By Steve Lubetkin
Technical changes to the 10-year-old Site Remediation Reform Act incorporate many lessons learned since the law was originally enacted, industry insiders said last week, as a bill that would update the program now awaits a decision by Gov. Phil Murphy.
“The process of amending SRRA has been going on since 2017, and it involved many discussions, both heated and productive,” said Susan Karp of Karp Environmental Law, who moderated a panel discussion hosted by NAIOP New Jersey.
Not all of the changes proposed by industry participants survived in the final bills, panelists said. For instance, Karp said the issue of who needs to be informed if a potential property buyer finds contamination during due diligence is not in the bill.
“We focused on what we could do collectively,” said Dennis Toft, chair of the environmental group at law firm Chiesa Shahinian & Giantomasi PC, speaking during NAIOP’s annual Regulatory, Legislative & Legal Update at the New Jersey Law Center in New Brunswick. “While certainly, there was some disappointment in the regulated community, I think we ended up with something that’s going to be a better process.”

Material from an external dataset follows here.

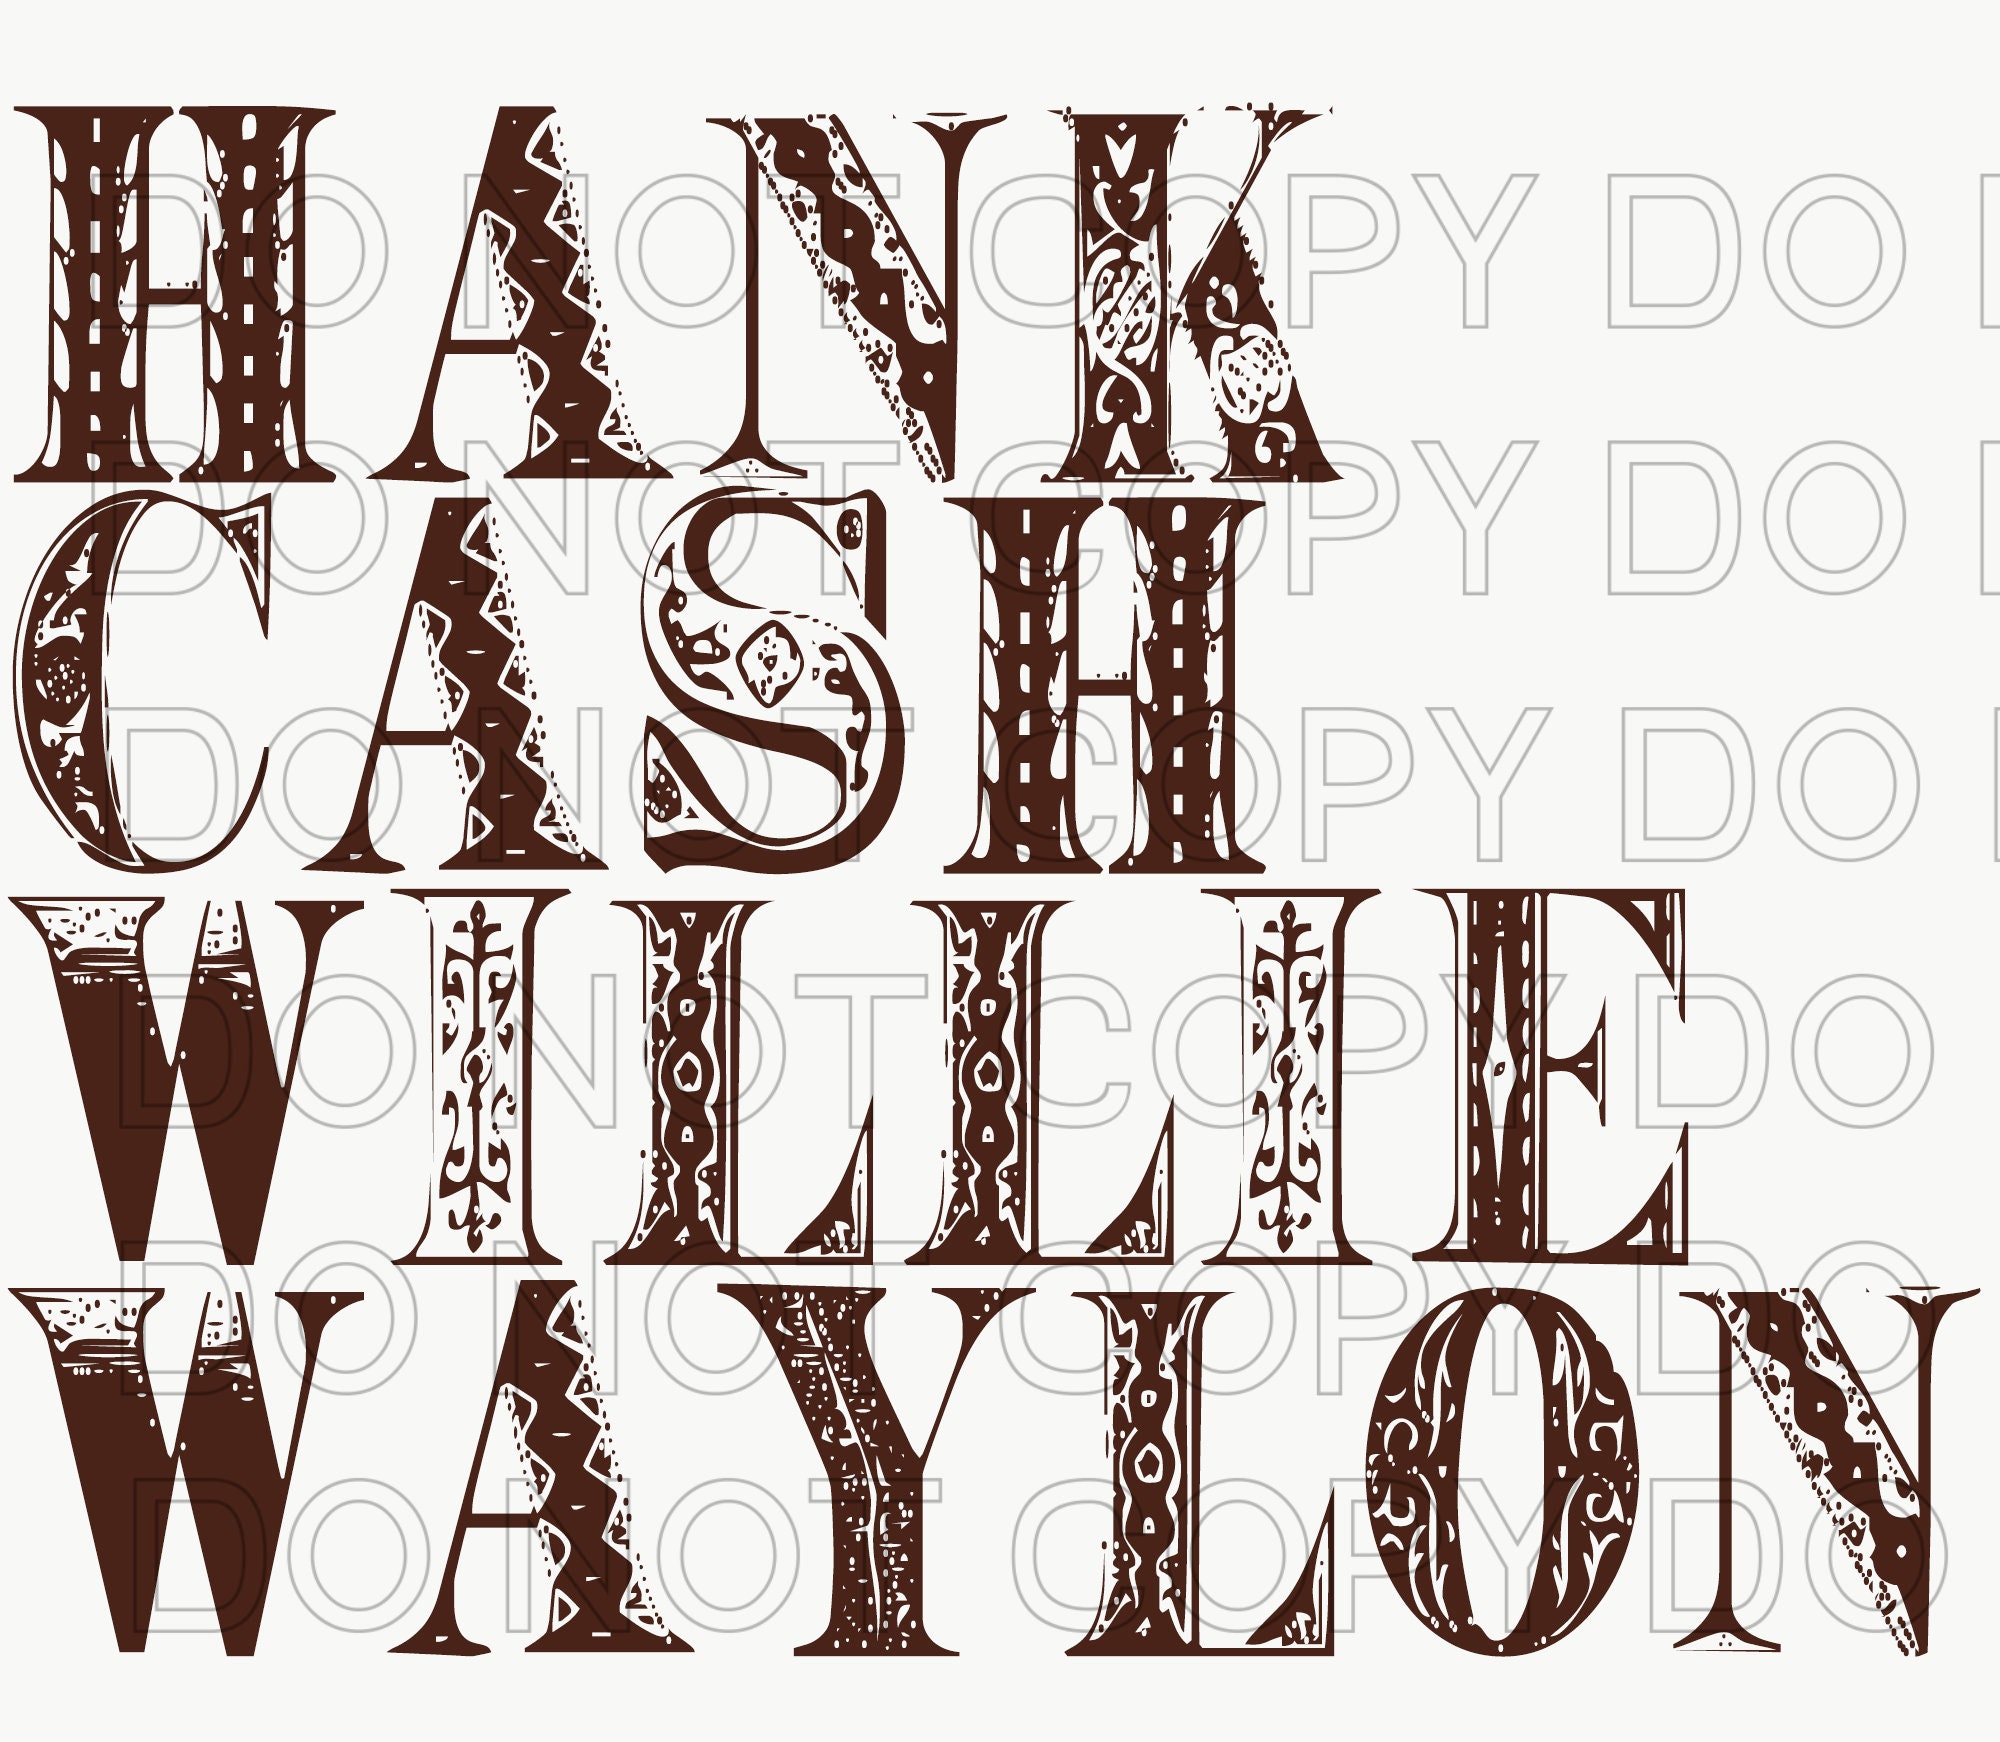 Waylon| Sublimation .PNG File| Instant DIGITAL download Hank Cash Willie

The changes, included in bills S3682 and A5293, are now awaiting Murphy’s signature after being passed overwhelmingly by both houses of the state Legislature. The Senate on June 20 passed the bill 36-0, while the Assembly voted 74-0 with one abstention on June 27.

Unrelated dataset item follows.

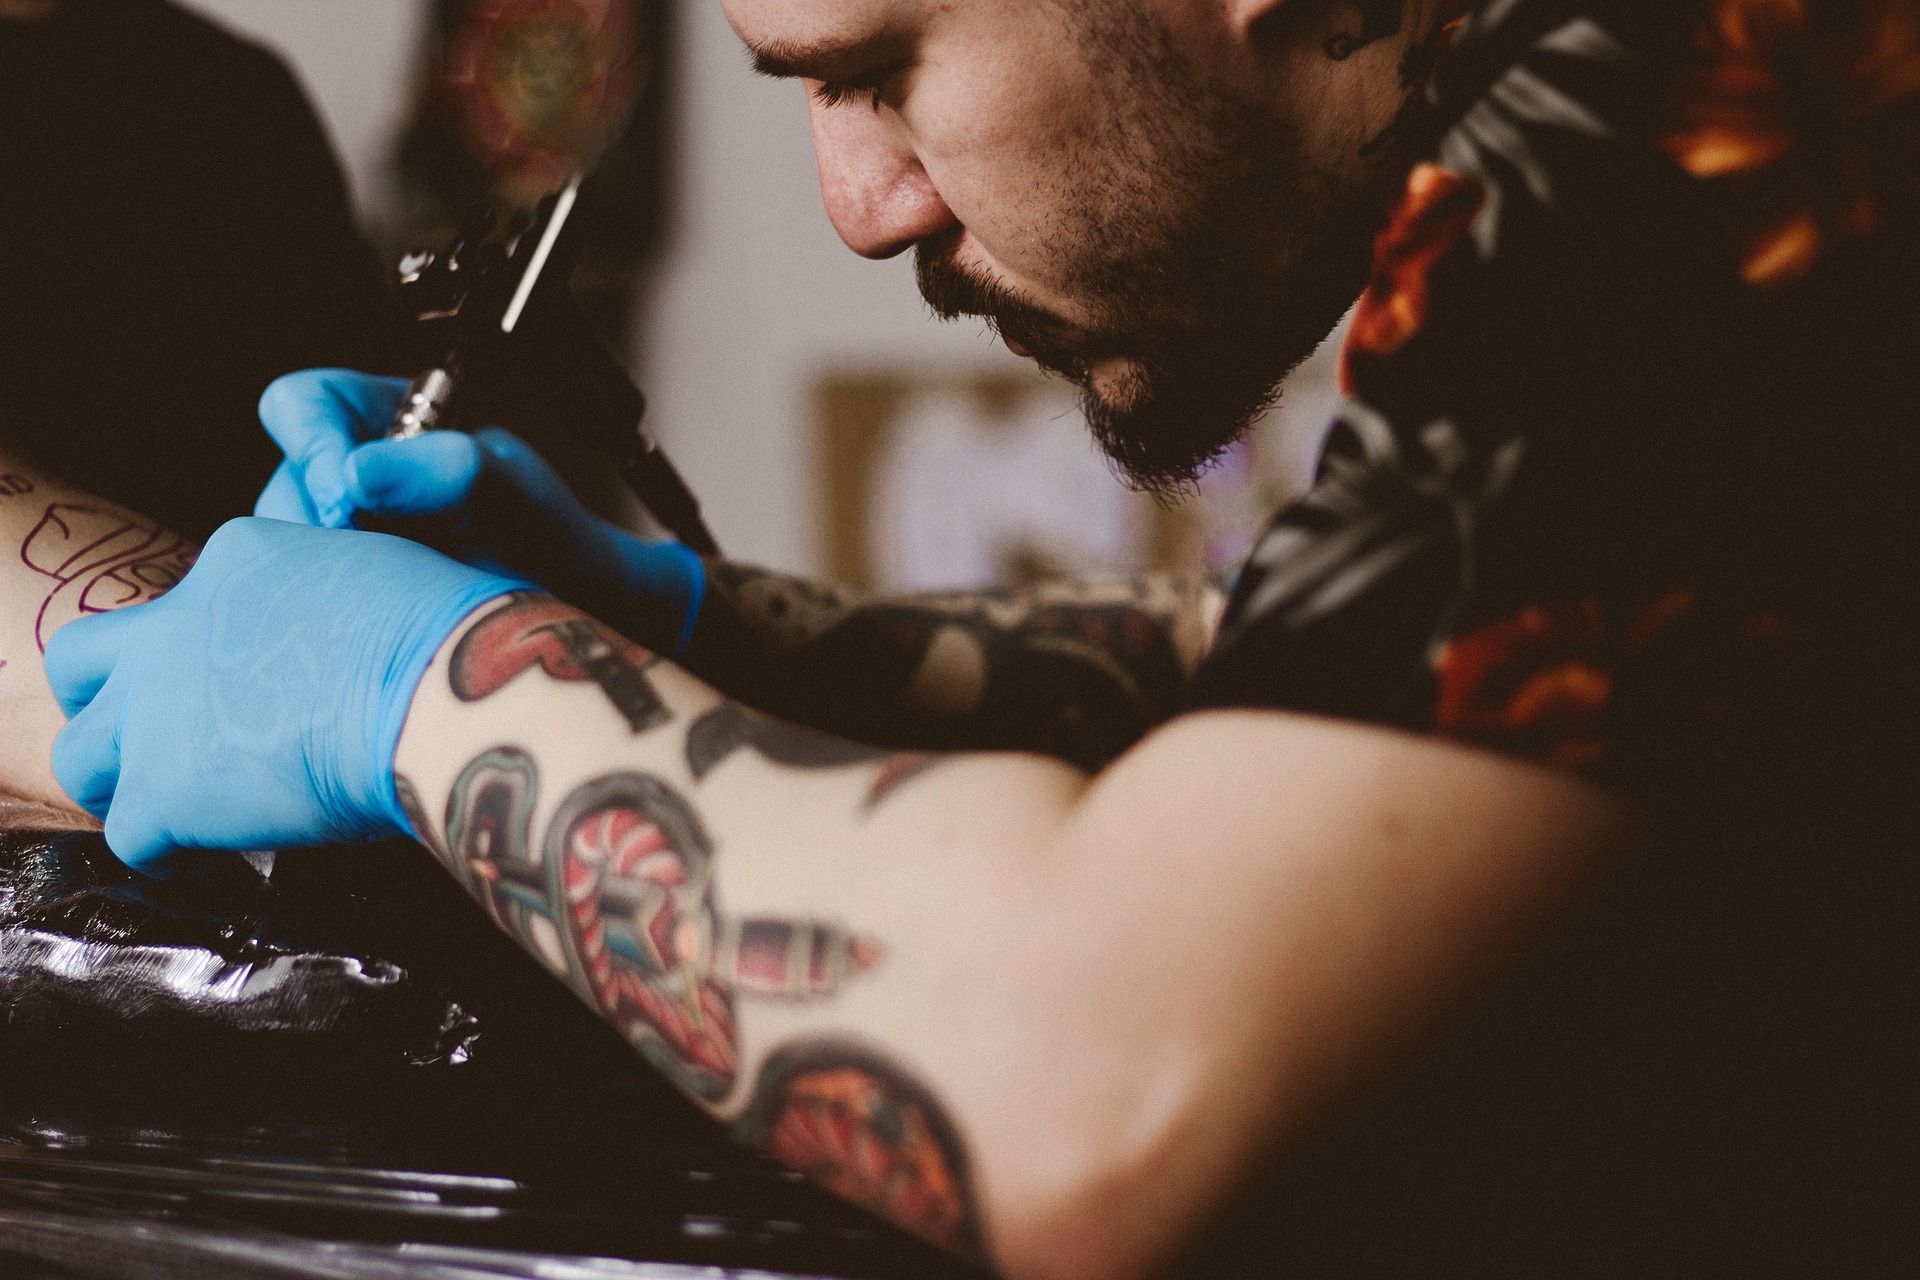 tatuador trabalhando na tatuagem de um cliente

Discussions on other changes sought by developers will continue as part of the regulatory process, Toft said.
The amendment process was a chance to incorporate lessons learned, said Mark J. Pedersen, assistant commissioner of the state Department of Environmental Protection.
“We looked at 10 years of implementing this new paradigm,” he said. “What did we miss? What did we make a mistake on? At the end of the day, it’s got to be protective to human health and the environment.”

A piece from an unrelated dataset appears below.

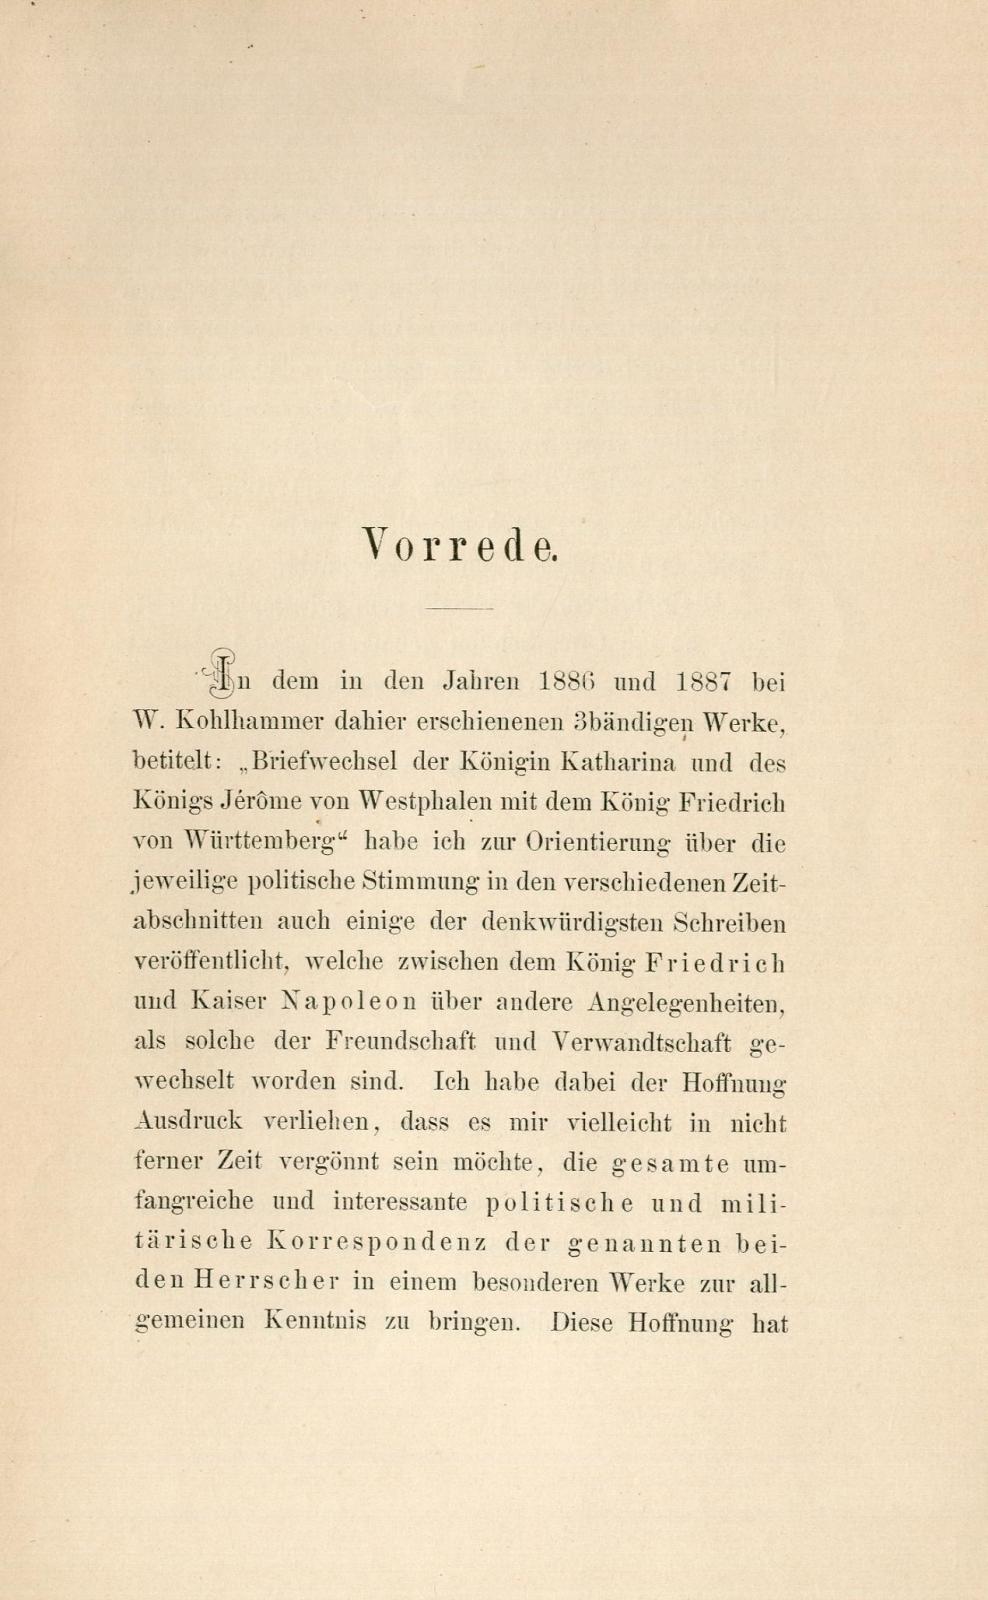 Politische und militärische Correspondenz Köing Friedrichs von Württemberg mit Kaiser Napoleon I : 1805-1813 / hrsg. von August von Schlossberger

Technical changes collected in the legislation, which is sometimes referred to as SRRA 2.0, clarifications regarding:
- The responsibility of property owners to obtain environmental remediation work plans from Licensed Site Remediation Professionals, or LSRPs, and the option for them to designate an LSRP to respond to public inquiries about the remediation
- What actions are included in the definition of “remediation”
- Making clear that property owners need to retain the services of an LSRP for the life of their environmental remediation permit, but do not need to have an LSRP on their company payroll,
- That LSRPs may not employ non-LSRPs to perform the remediation work unless an LSRP supervises it
- The types of documents that need to be supplied to municipalities regarding a site remediation project, and when public notices need to be given
- Making a distinction between written notice to the public and signage on a property
- Permitting an exemption from environmental remediation for unoccupied buildings that are going to be demolished
“I think LSRPs have more obligation on them and accountability individually than any environmental professional in the state ever did,” Pedersen said. He recalled a meeting with single-practitioner LSRPs at which one woman admitted to him that she didn’t sleep well because “I’m accountable for everything that I do.”
“To me that speaks volumes to the integrity of the individuals who are licensed and how they take their jobs seriously,” he said.
The legislation also requires the DEP to “encourage the use of green and sustainable practices during the remediation of a contaminated site,” he added, but not if those practices would “alter the requirement that the remediation be protective of the public health and safety and of the environment.”